Supplied data
※

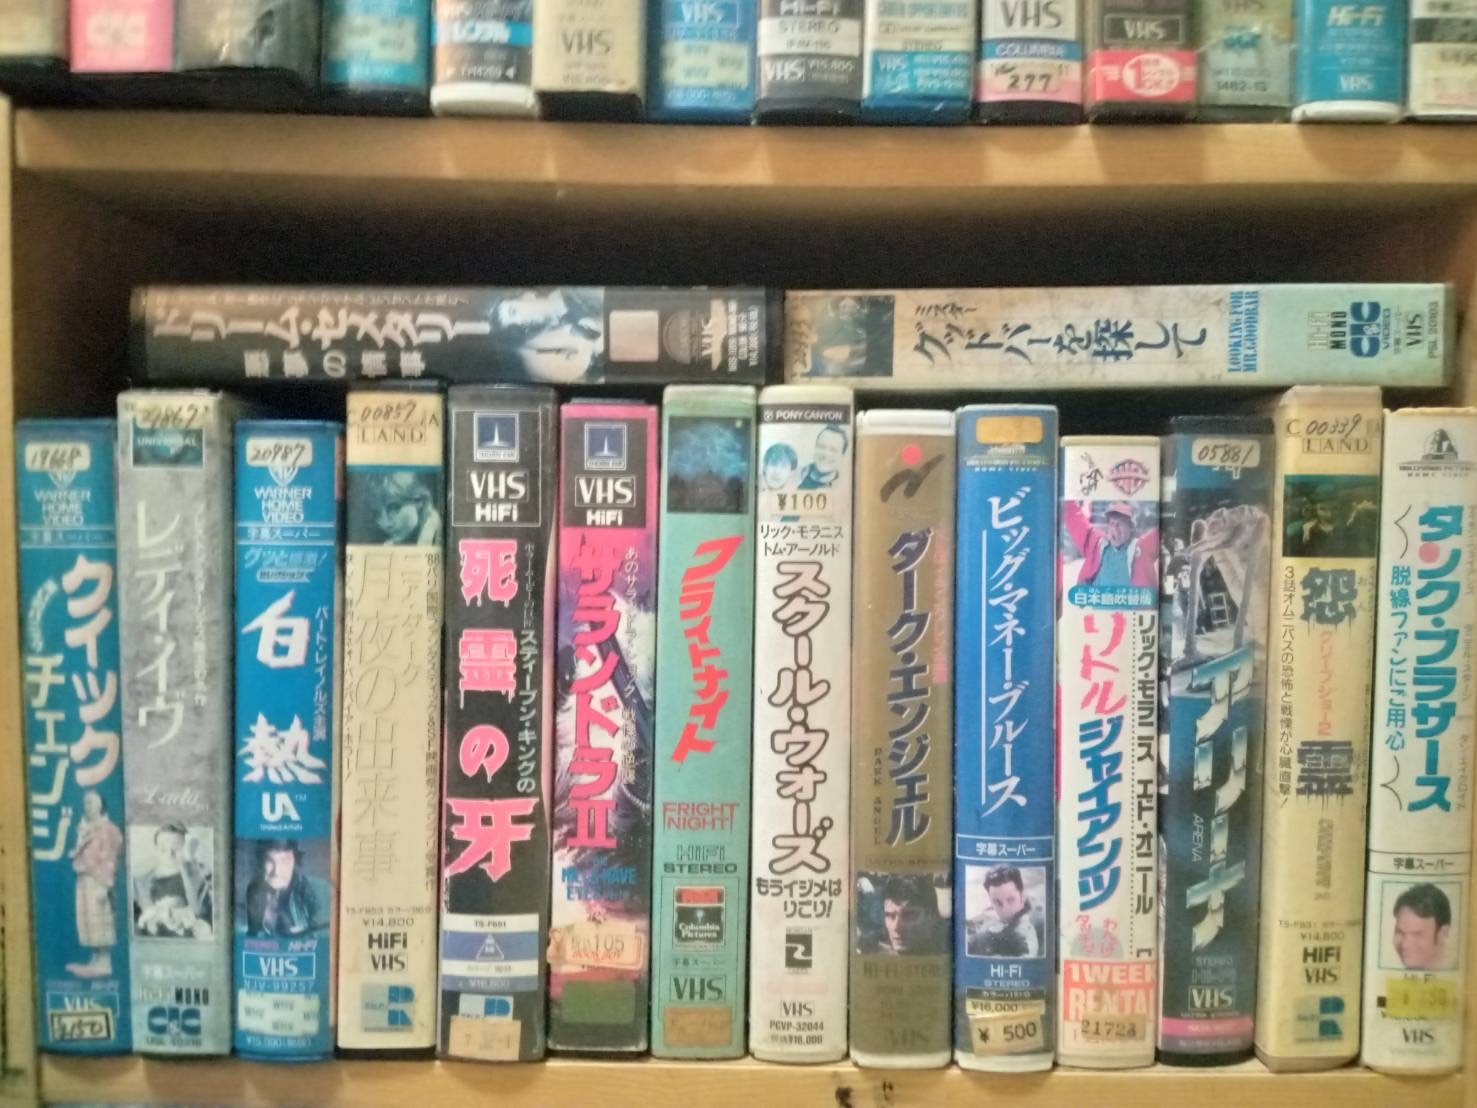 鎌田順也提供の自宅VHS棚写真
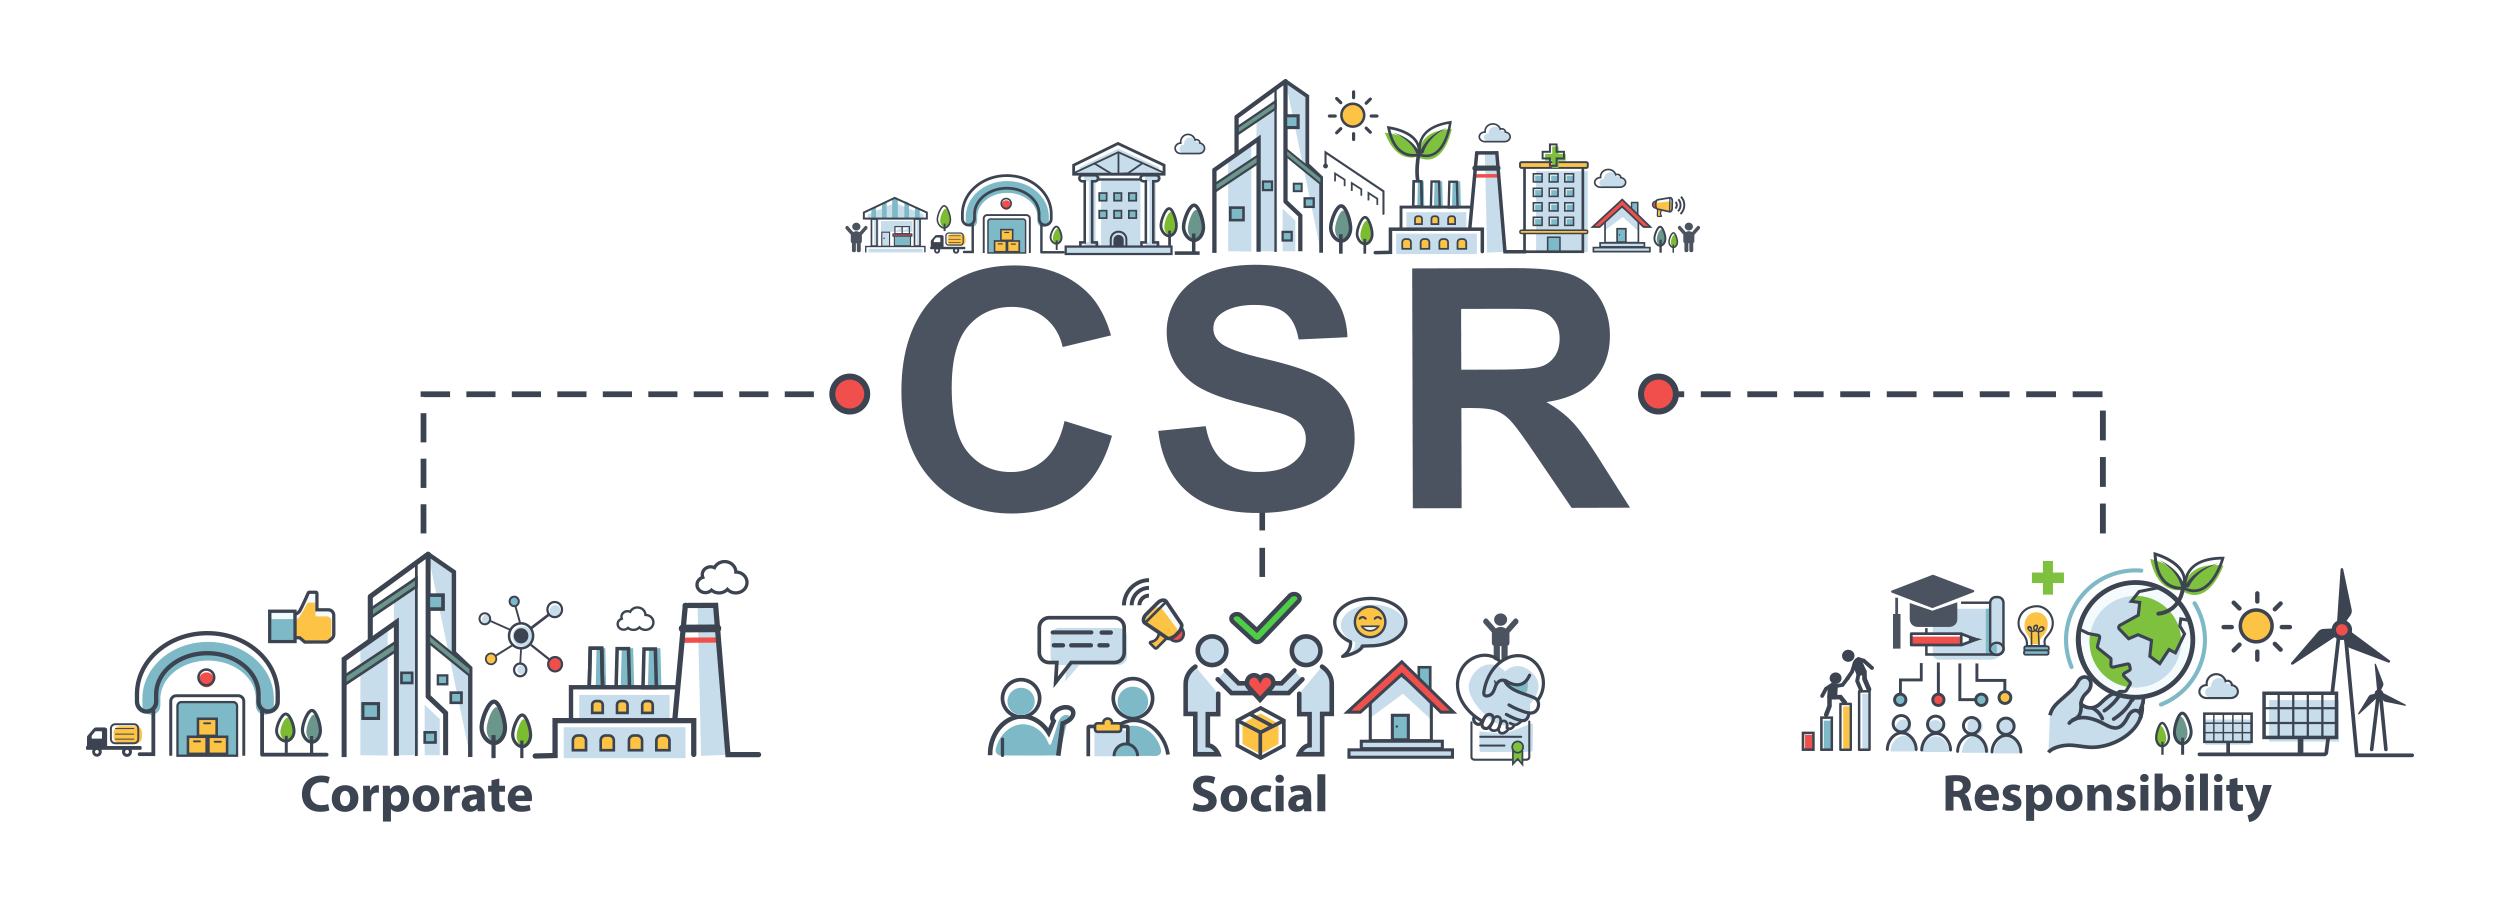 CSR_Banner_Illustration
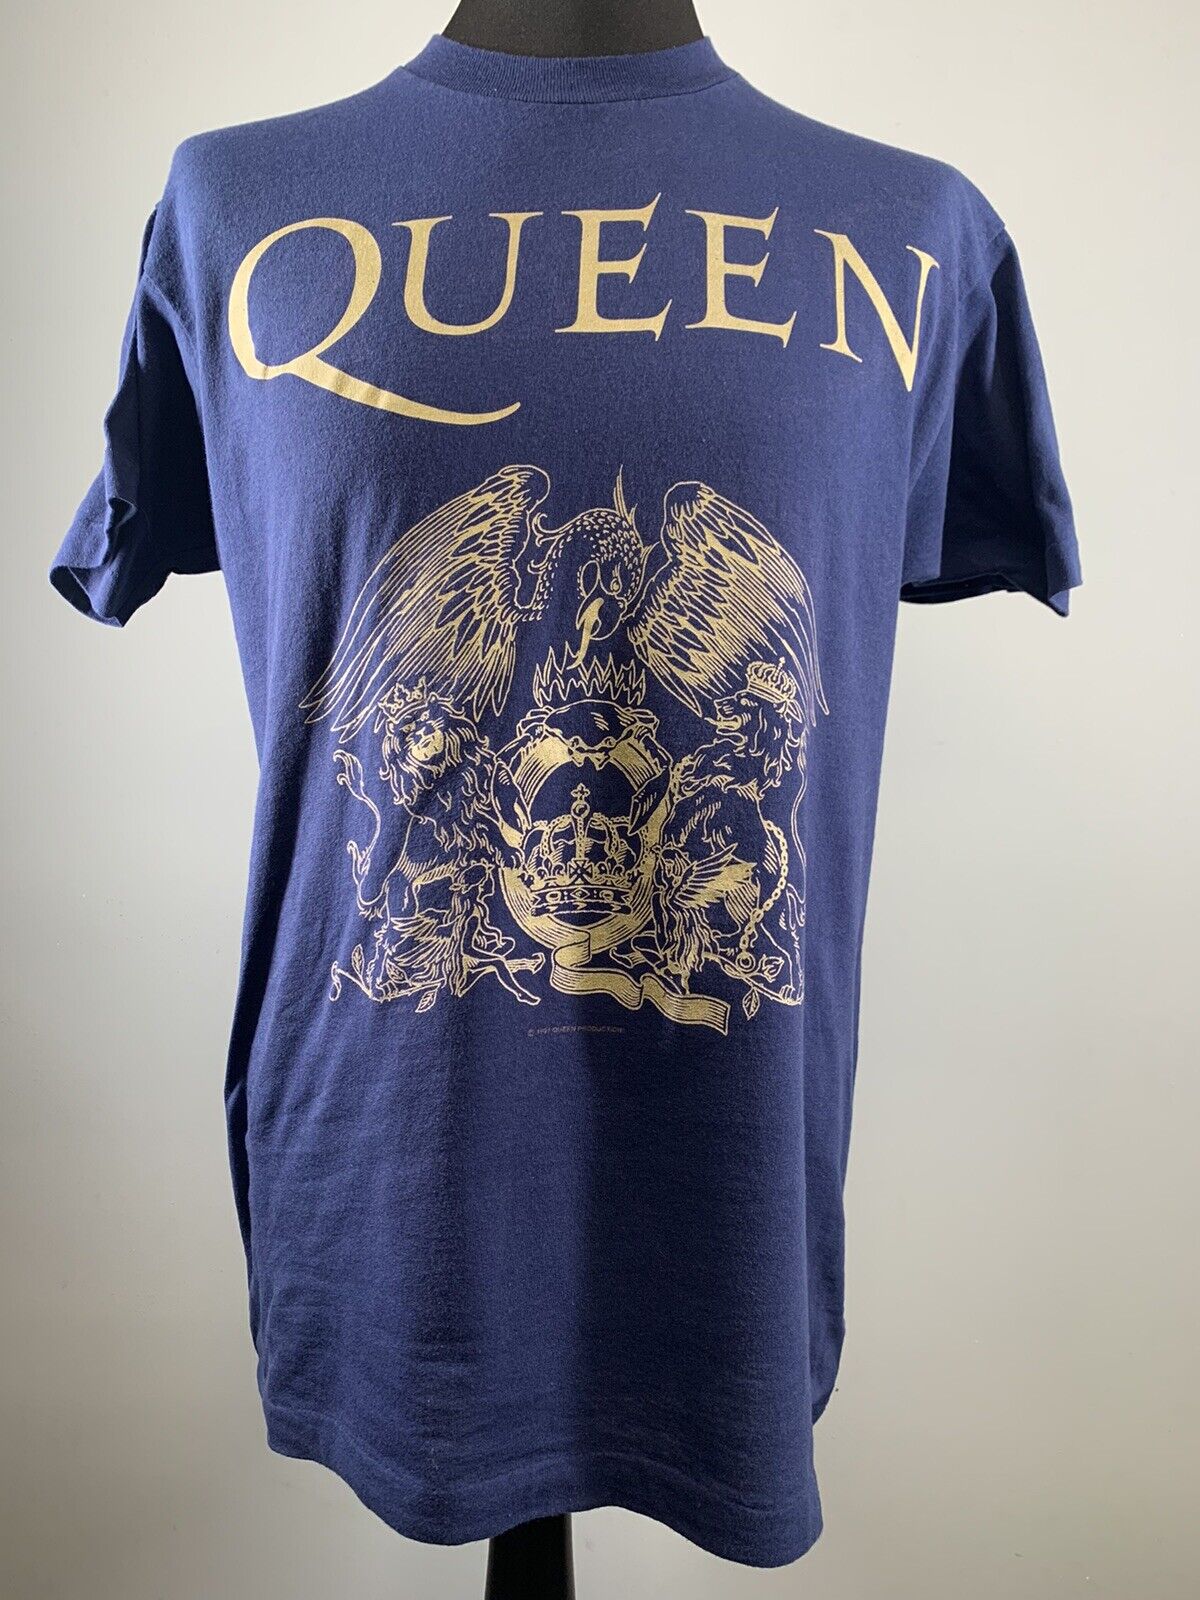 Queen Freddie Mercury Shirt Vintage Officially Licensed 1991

※

Line by line, output the material above exactly, passing over the pictures.

 鎌田順也提供の自宅VHS棚写真
 CSR_Banner_Illustration
 Queen Freddie Mercury Shirt Vintage Officially Licensed 1991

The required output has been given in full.